Obesity diagnosis criteria
The body mass index (BMI) is calculated according to the Quetelet equation. A subject is considered obese if he has a BMI greater than or equal to 30 kg/m2 [14].
Biochemistry and molecular testing
A multichannel analyzer and dedicated kits (Humastar®, HUMAN Diagnostics, Wiesbaden, Germany) were used for the colorimetric, enzymatic measurement of cholesterol (kit: monotest cholesterol with cholesterol esterase, cholesterol oxidase and peroxidase), triglycerides (kit: peridochrom triglyceride with glycerol phosphate oxidase and peroxidase), and glucose (kit: glucose, glucose oxidase, and peroxidase). Plasma LDL cholesterol levels were calculated according to the Friedewald equation. High-density lipoprotein cholesterol levels were measured after sodium phosphotungstate/magnesium chloride precipitation of chylomicrons and VLDL and LDL cholesterol and then centrifugation. Plasma insulin levels were measured using a microparticle enzyme immune assay running on an AxSYM analyzer (Abbott Laboratories, Abbott Park, Illinois, USA).
Genomic DNA was extracted from white blood cells by using the Stratagene® kit (Agilent Technologies, Les Ulis, France), according to the manufacturer’s protocol.

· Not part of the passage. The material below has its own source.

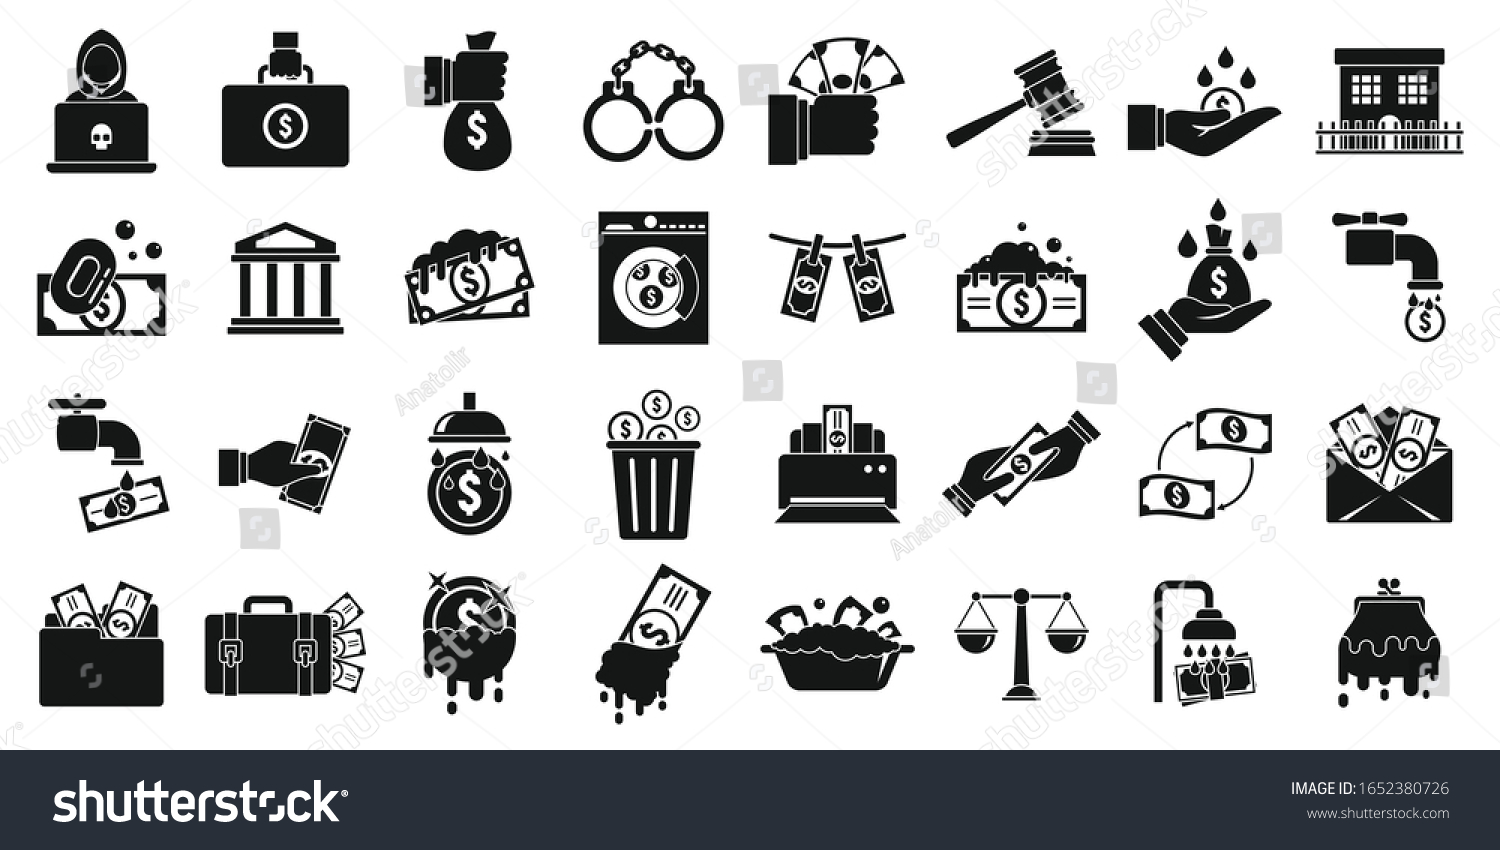 SVG of Money laundering icons set. Simple set of money laundering vector icons for web design on white background svg

The APOE SNPs (rs429358, rs7412, rs439401, and rs4420638) were genotyped using KASPar technology (KBioscience, Hoddesdon, UK) with the following probes:
rs429358: [GACATGGAGGACGTG[C/T]GCGGCCGCCTGGTGC],
rs7412: [GATGACCTGCAGAAG[C/T]GCCTGGCAGTGTACC],
rs439401: [GCCGGCACTCTCTTC[C/T]CCTCCCACCCCCTCA],
rs4420638: [TGCTACAC TTTTCCT[A/G]GTGTGGTCTACCCGA].

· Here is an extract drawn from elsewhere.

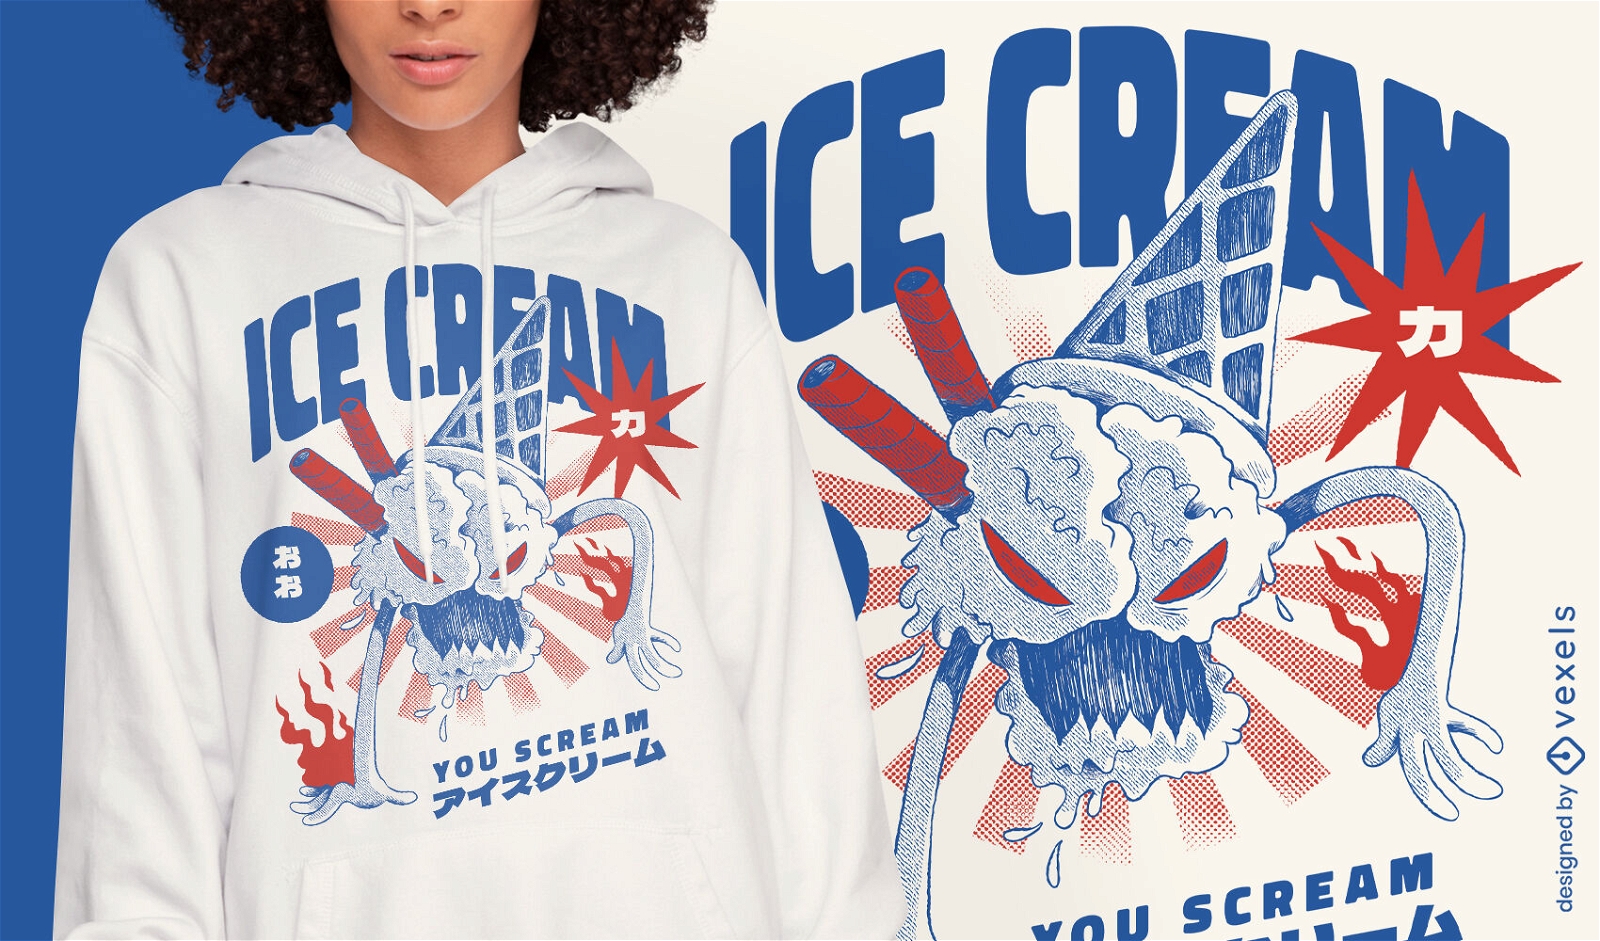 Ice cream food monster t-shirt design

The genotyping success rates ranged from 93 to 96% [13].
Statistical analysis
Statistical analysis was performed with SAS 9.1 software (SAS Institute Inc., Cary, NC, USA). The Hardy-Weinberg equilibrium was tested using a χ2 test with one degree of freedom (d.f.). Some of the biochemical traits (fasting glucose levels, triglycerides, and insulin levels) were not normally distributed; we therefore log-transformed these parameters to obtain normal data distributions. Intergroup comparisons of means were performed with a general linear model, and multivariate logistic regression analyses were used to calculate the odds ratios for MetS, type 2 diabetes (T2D), high blood pressure (HBP), and obesity (Obes). The confounding variables were age, gender, smoking status, and physical activity. After Bonferroni correction, only associations with an uncorrected p value below 0.017 were considered to be statistically significant (i.e., 0.05 divided by the number of polymorphisms considered).